Certain Medications Can Cause Weight Gain

By Michel Montignac

There are certain prescription drugs that can cause us to gain weight or, in the best of cases, inhibit our body’s ability to lose weight.

This is basically due to the fact that:

  • They reduce the amount of energy we burn up;

  • They increase fat tissue by stimulating insulin secretion;

  • They increase our appetite;

  • They make us thirsty that which might make us seek to quench out thirst with sugary drinks;

  • They increase water retention ;

  • They alter our taste buds and might thus make us to want to eat more.

Some medications can even bring about a combination of several of these weight-gaining mechanisms.

Hormone treatments (estrogen-progestin therapy)

Increase our appetite and cause water retention.  In high doses, estrogens and progesterone can, by way of higher blood sugar levels, even induce increases in body-fat mass.

Corticoids (cortisone)

Increase our appetite and induce overly high levels of insulin in our blood (hyperinsulinism) which cause our bodies to store fat. The probability of gaining weight is even greater in the case of long-term treatments. 

Migraine pills

Cause weight gain in 70% of the patients who take them.

Cancer treatments

Some chemotherapy or hormone therapy protocols used to treat breast cancer are the reason why most of these patients gain weight.
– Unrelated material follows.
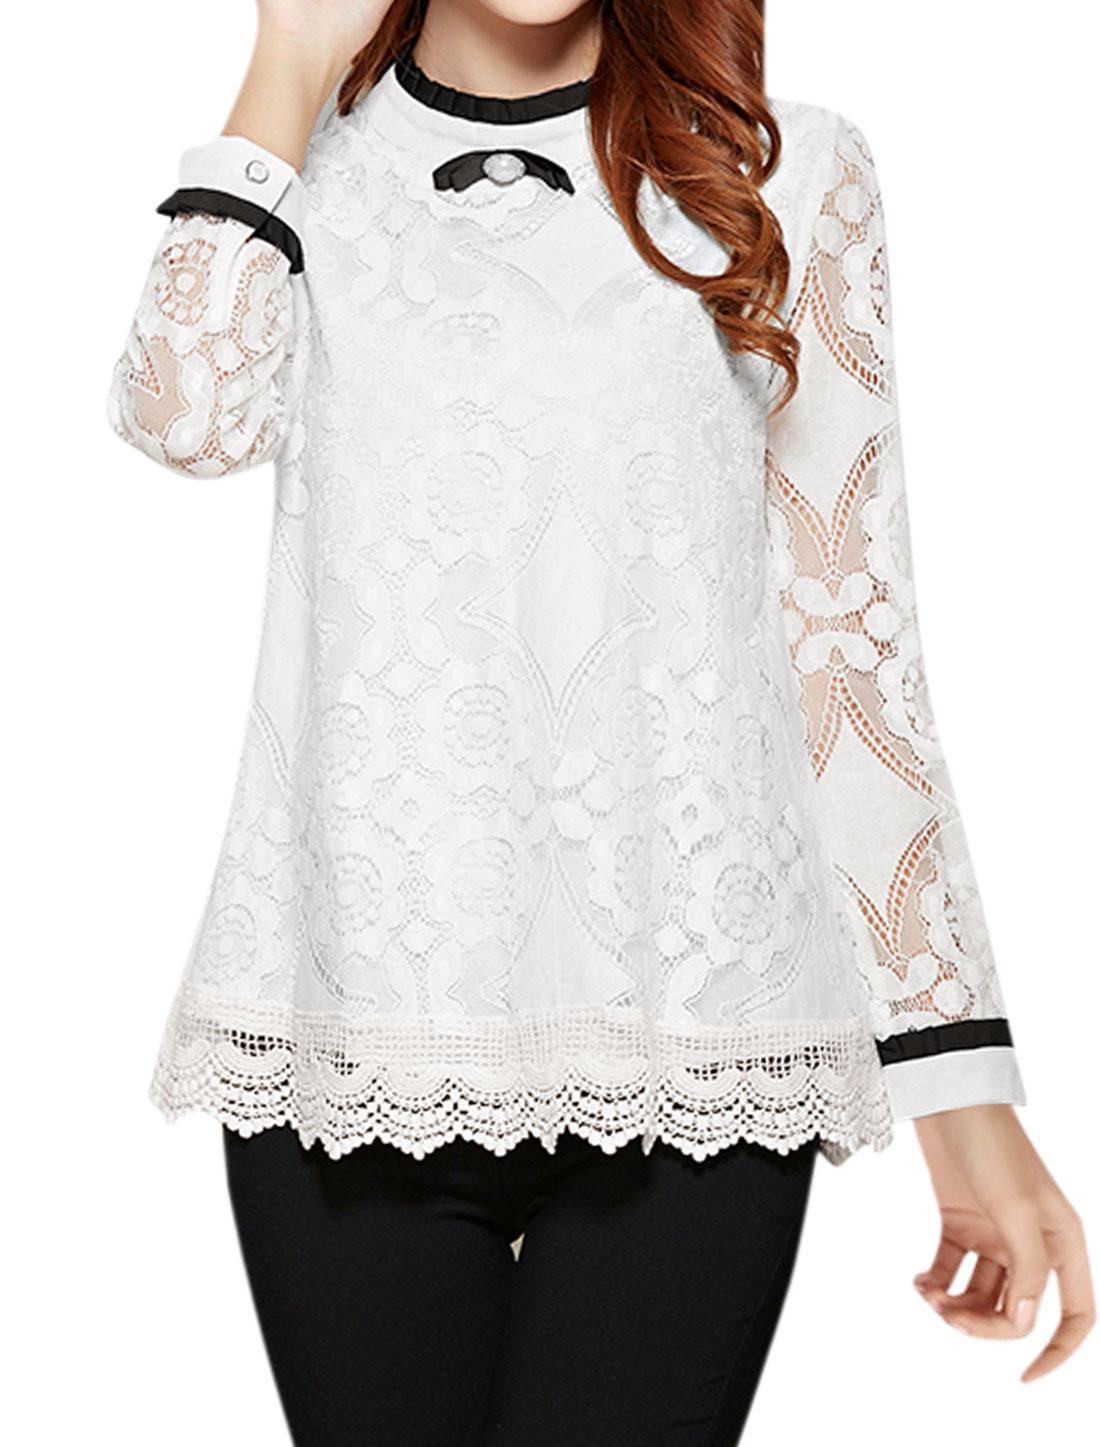 Women Bowknot Decor Crochet Panel Semi Sheer Lace Blouse White M

High-blood pressure (hypertension), namely beta blockers

Are generally prescribed to prevent heart failure, reduce high blood pressure and tackle migraine headaches.

They can cause weight gain since they lower food thermogenesis (burning of fat) by inhibiting sympathetic tonus. In some cases, they also increase water retention.

Antibiotics

Are widely used in industrial livestock breeding to fatten cattle; they increase livestock weight gain by 10%.
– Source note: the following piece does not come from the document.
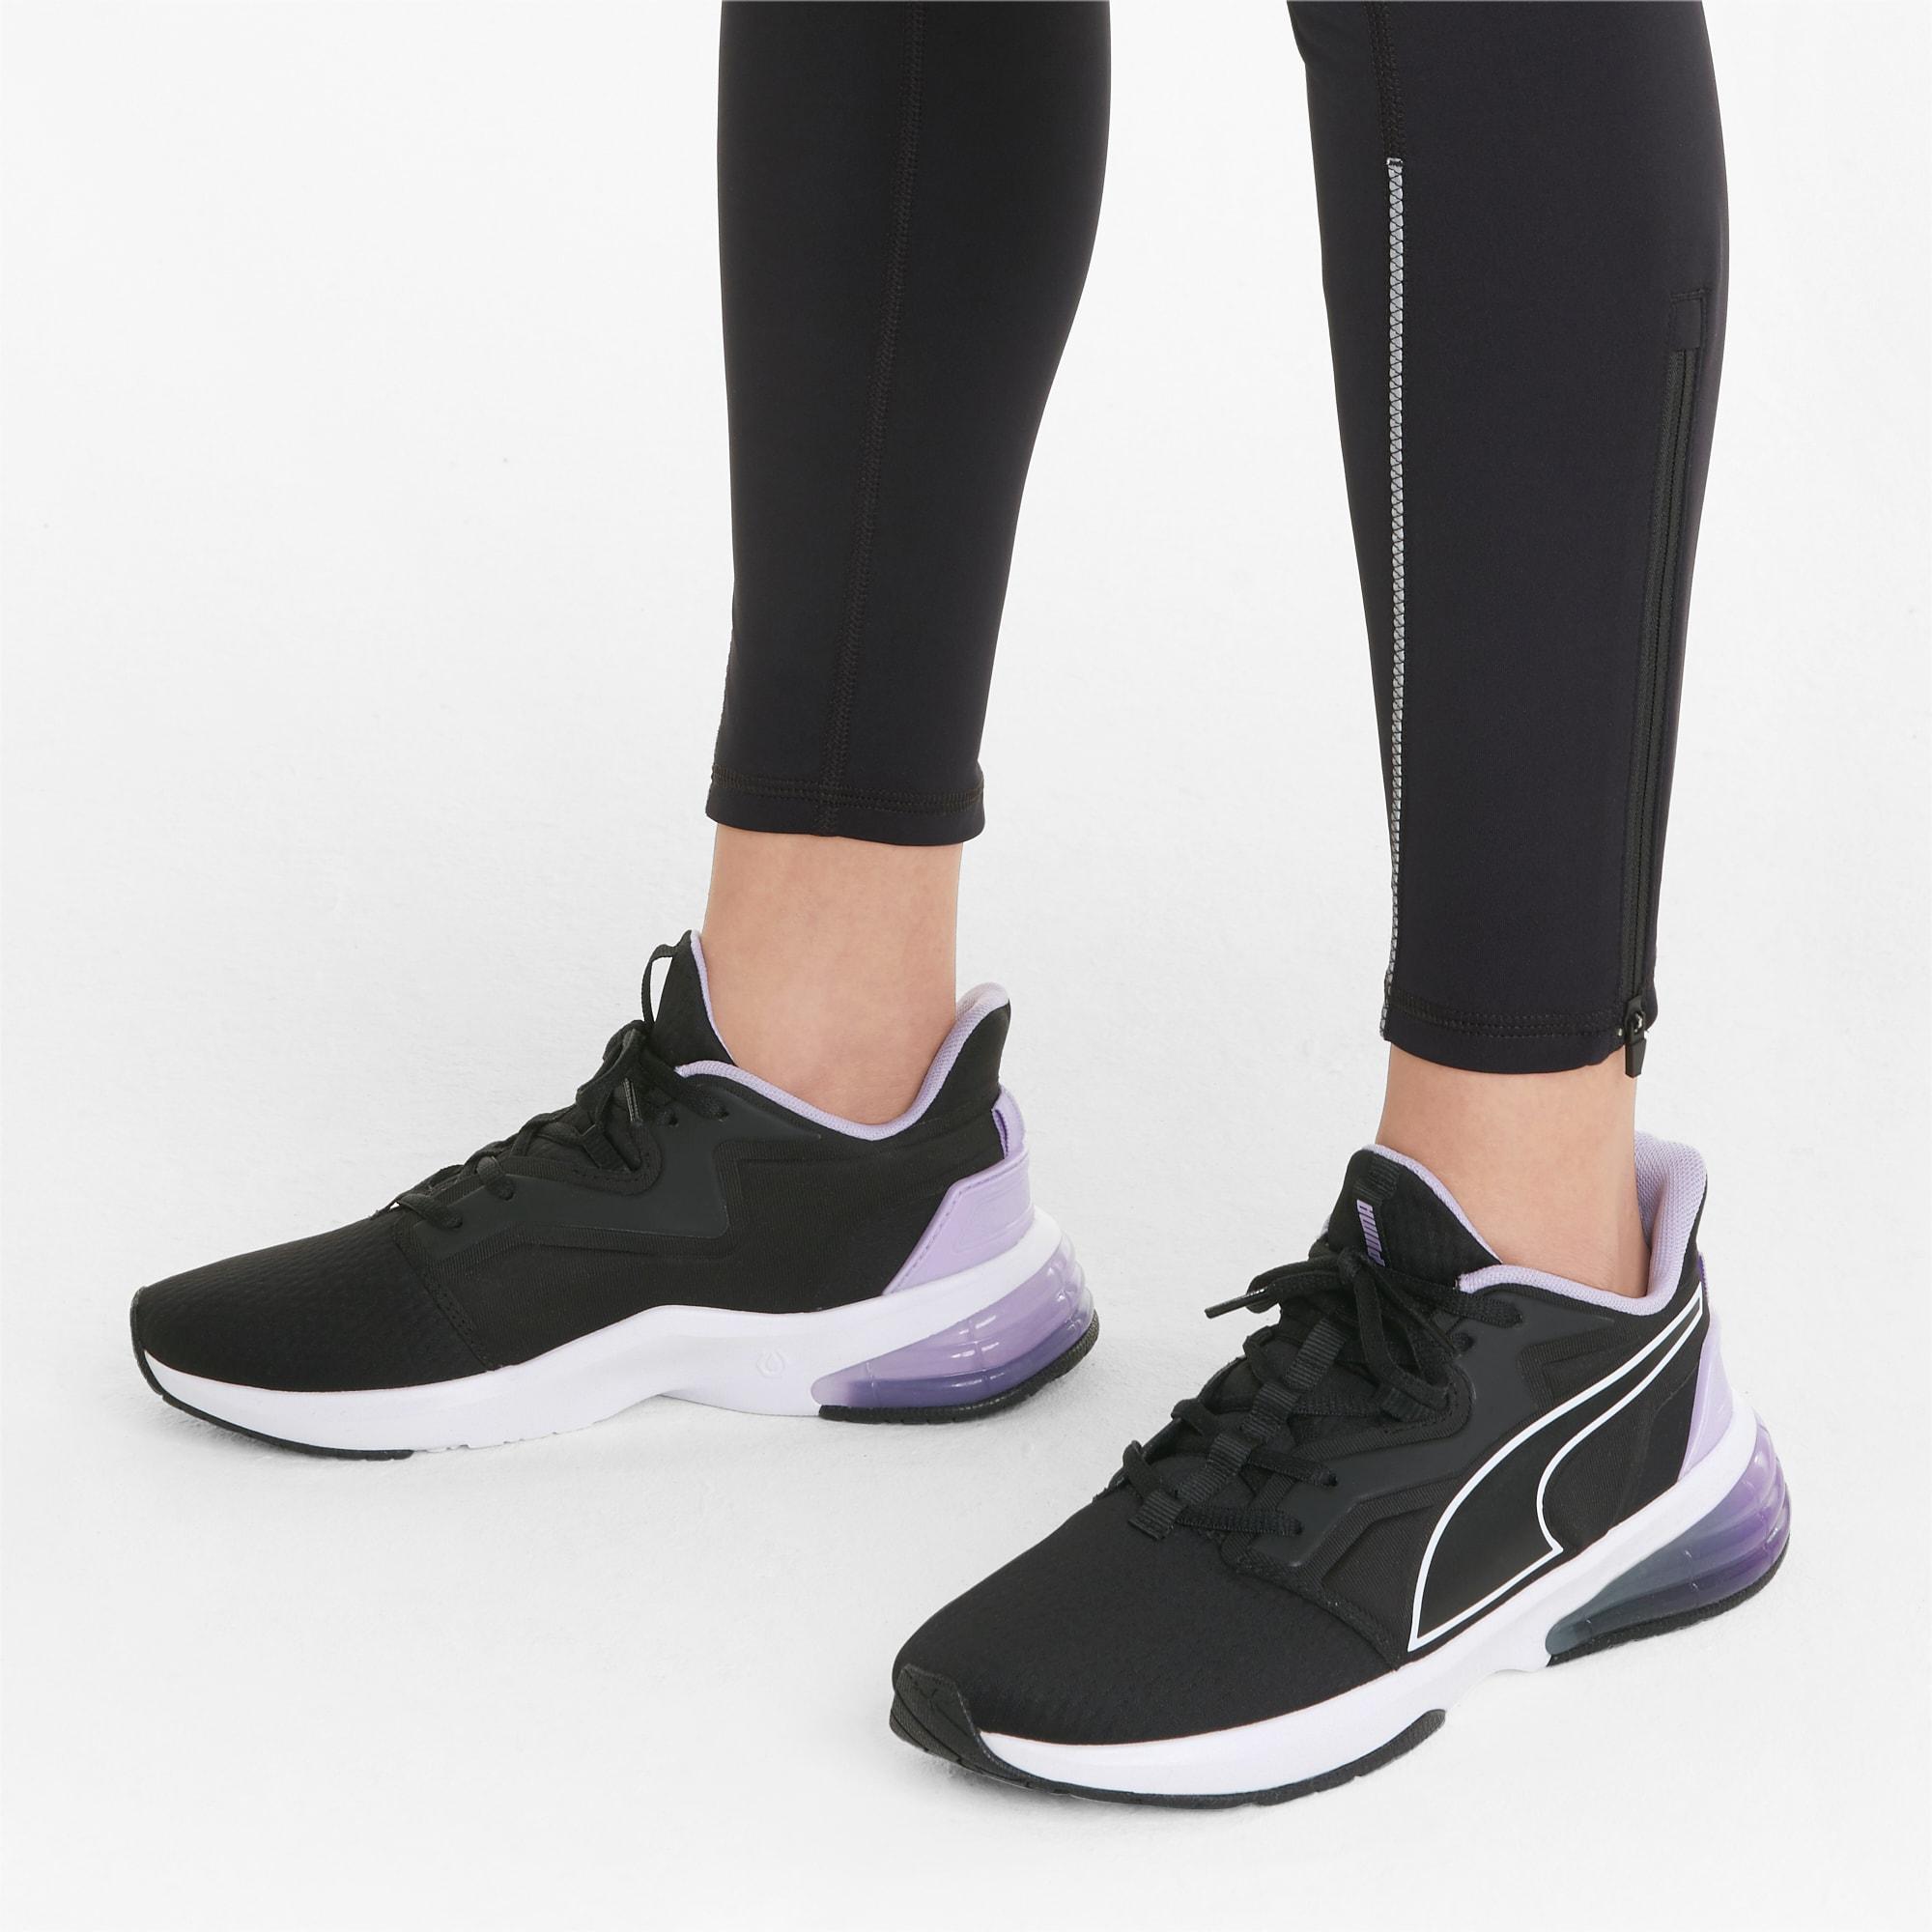 LVL-UP XT Women's Training Shoes

They have exactly the same effect on the human body and become an even greater weight risk factor when taken for extended periods.

Psychotropics

Used to treat nervous disorders, these drugs act on that area of our brain (the hypothalamus) which controls our appetite and regulates body weight.

Likewise, some anti-depressants, neuroleptics, tranquilizers and tricyclic antidepressants, also increase our appetite, lead to snaking and furthermore stimulate insulin secretion.
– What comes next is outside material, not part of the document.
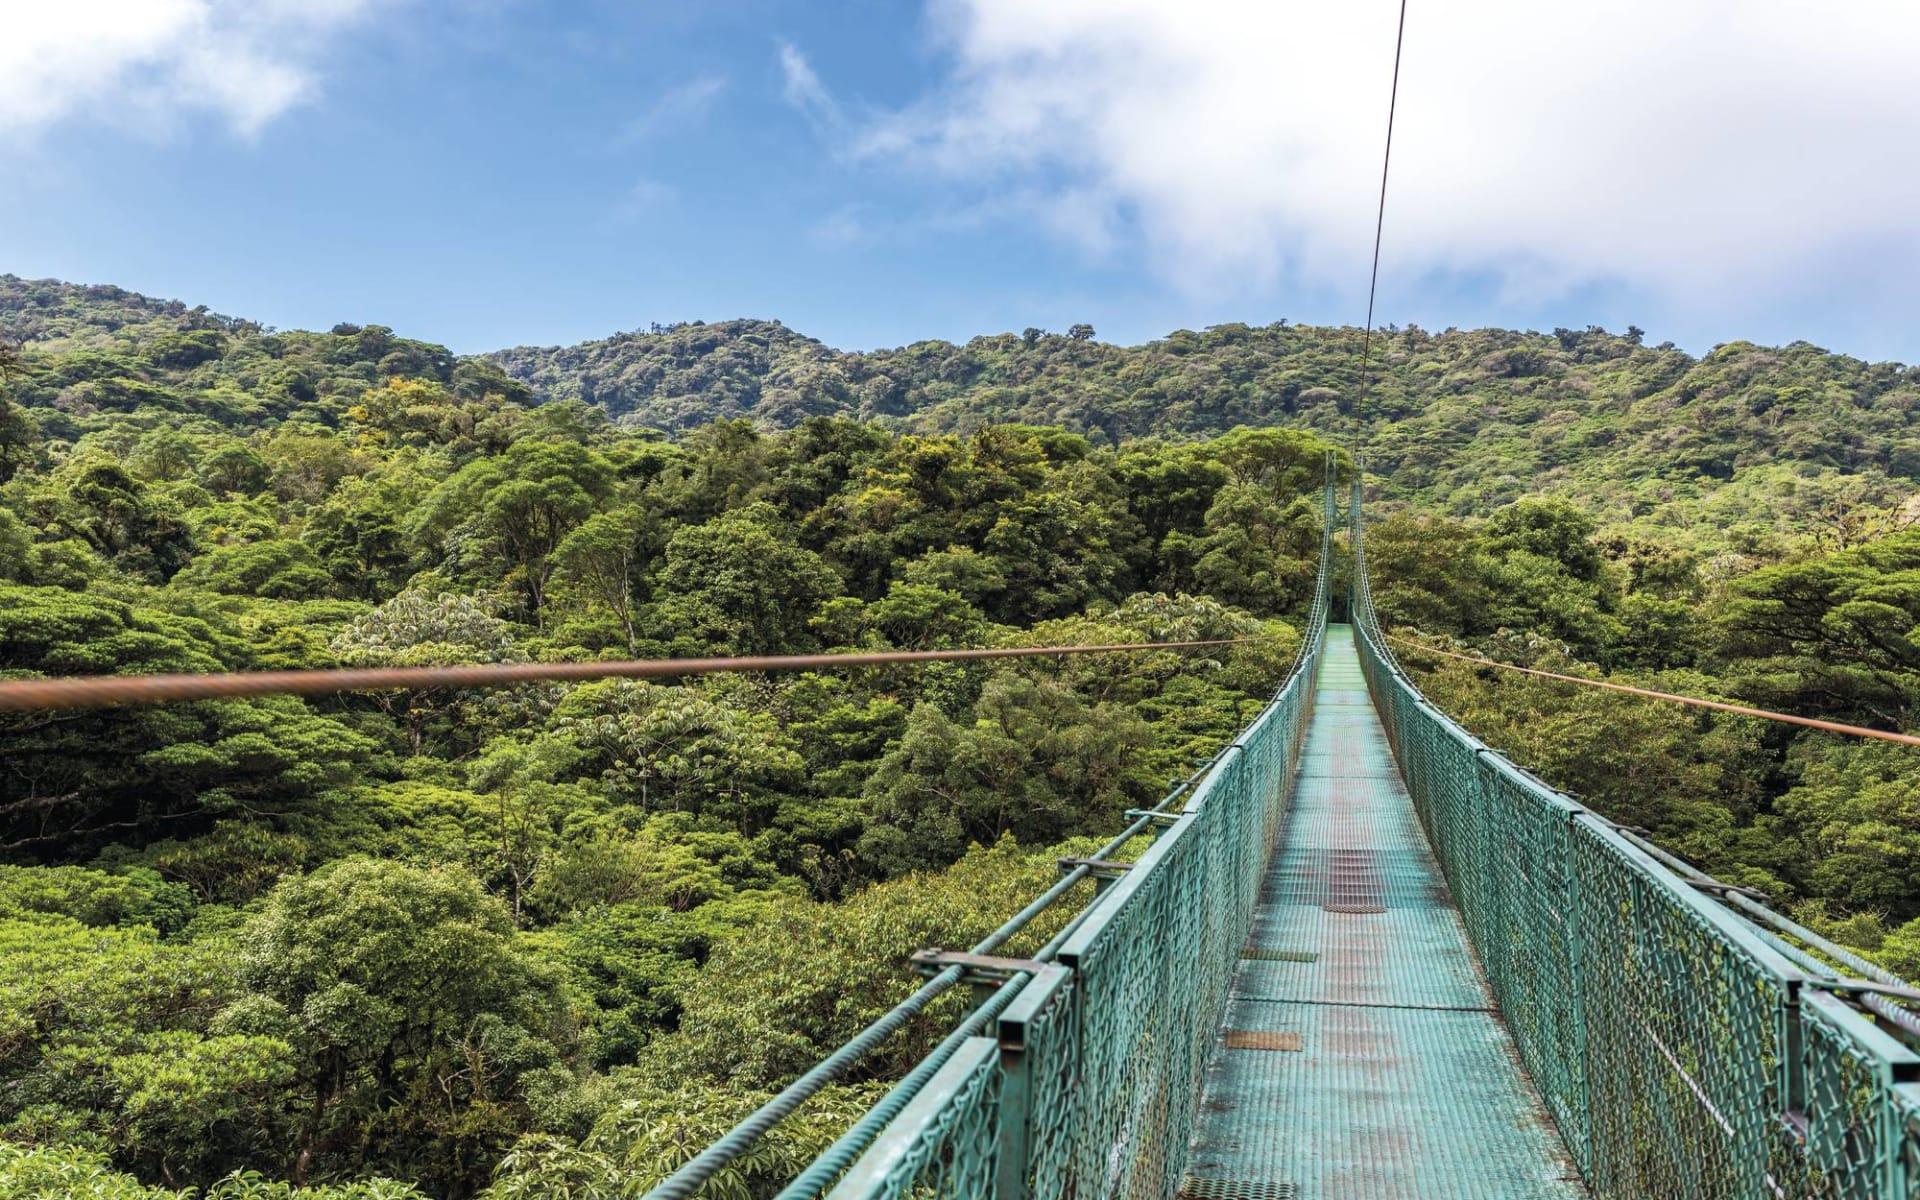 Mietwagenreise Costa Rica Classic ab San José City: Costa Rica - Monteverde - Hängebrücke

Lithium, which is used to treat behavior disorders such as maniac psychotic depression, interferes with normal thyroid functions thus making us gain weight.

Antidiabetes medications

Sulfa hypoglycemic medications almost systematically cause weight gain (approximately 10 pounds during the first 3 to 12 months). This weight gain chiefly affects body-fat mass and is basically due to the insulin-secretion stimulation effect and, collaterally, to excessive water retention.

Conclusion:

It is, to say the least, paradoxical that those medications prescribed for the treatment of certain pathologies such as hypertension and diabetes should, by causing weight gain, end up aggravating the risk factors already developed by this diseases.

This is precisely why doctors should take this weight-gaining factor into account when prescribing medication for these illnesses.

It is important to note that not all medications which fall into the same therapeutic category necessarily have the same side effects.